I need to find a Laplace Transform but have problems

Question

Using Laplace transform find: $e^{-10t}u(t)$.

According to the Laplace table, that is equal to $1/s+10$, but how can I prove it?

Answer 1

The First Translation Theorem:

If $\mathcal{L}\{f(t)\}=F(s)$ and $a\in\mathbb{R}$, then $\mathcal{L}\{e^{at}f(t)\}=F(s-a)$.

The Second Translation Theorem:

If $F(s)=\mathcal{L}\{f(t)\}$ and $a>0$, then $\mathcal{L}\{f(t-a)u(t-a)\}=e^{-as}F(s)$.

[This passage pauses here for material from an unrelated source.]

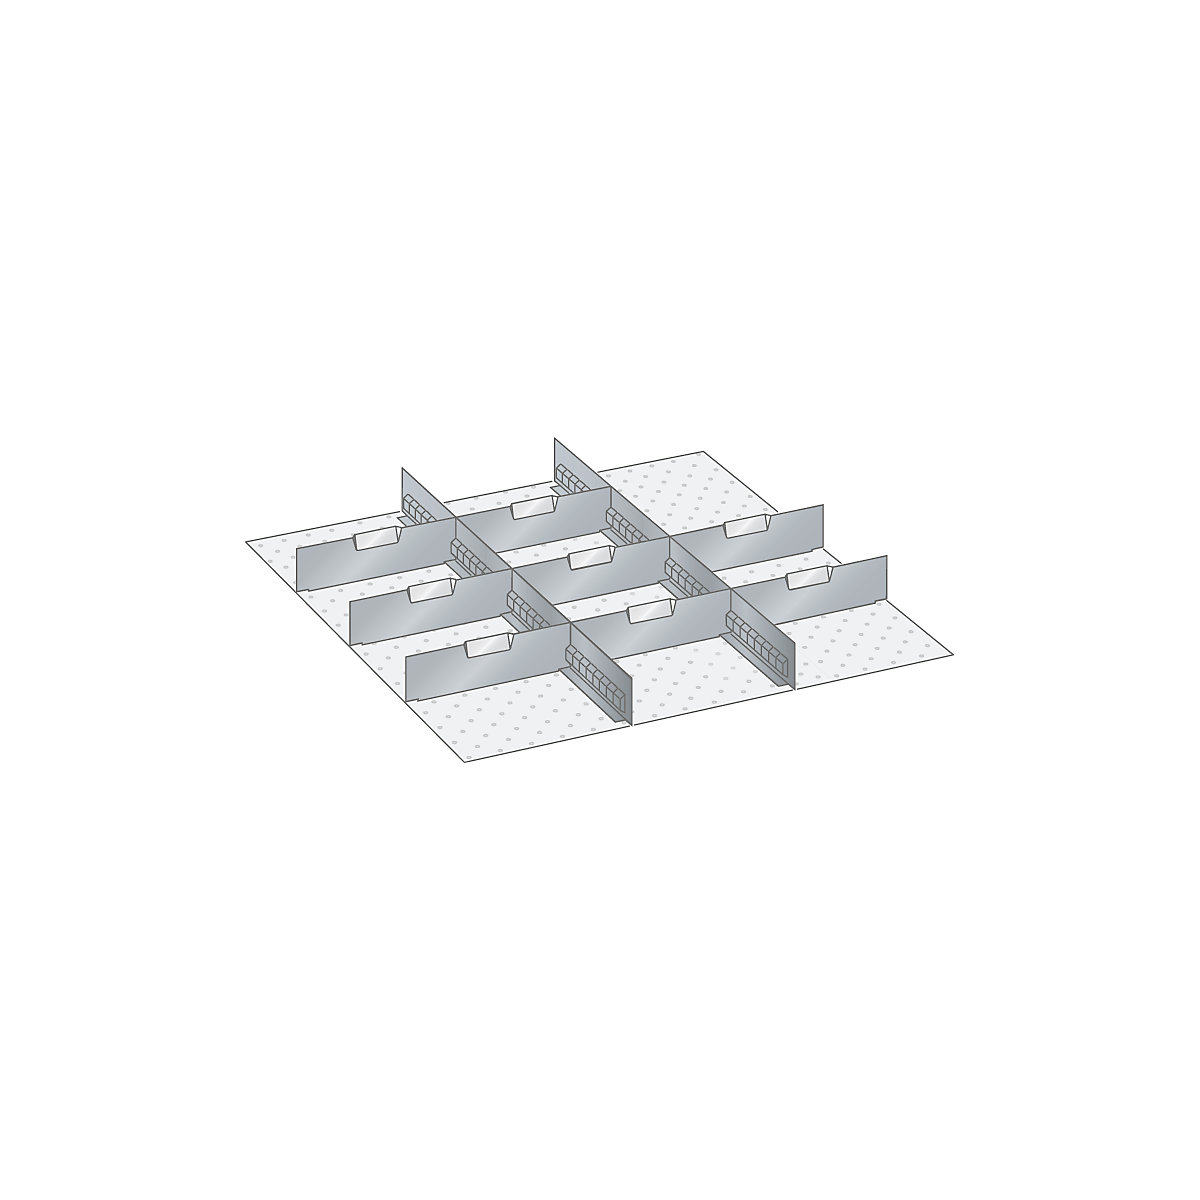 Materiaalset voor lade-indelingen – LISTA, 2 sleufwanden en 8 scheidingsschotten, 10-delig, voor fronthoogte 150 mm-4

Using these two in conjunction, we easily deduce that $\mathcal{L}\{e^{-10t}u(t)\}=\frac{1}{s+10}$.

OR

$\mathcal{L}\{e^{-10t}u(t)\}=\int_0^\infty e^{-st}\left(e^{-10t}u(t)\right)dt$

$=\int_0^\infty e^{-(10+s)t}u(t)dt$

$=\int_0^\infty e^{-(10+s)t}u(t)dt$

$=\int_0^\infty e^{-(10+s)t}dt$
$\because$ $u(t)=1$ when $t\geq0$

$=\frac{e^{-(10+s(\infty))}}{-(10+s)}-\frac{e^{-(10+s(0))}}{-(10+s)}$

$=\frac{1}{s+10}$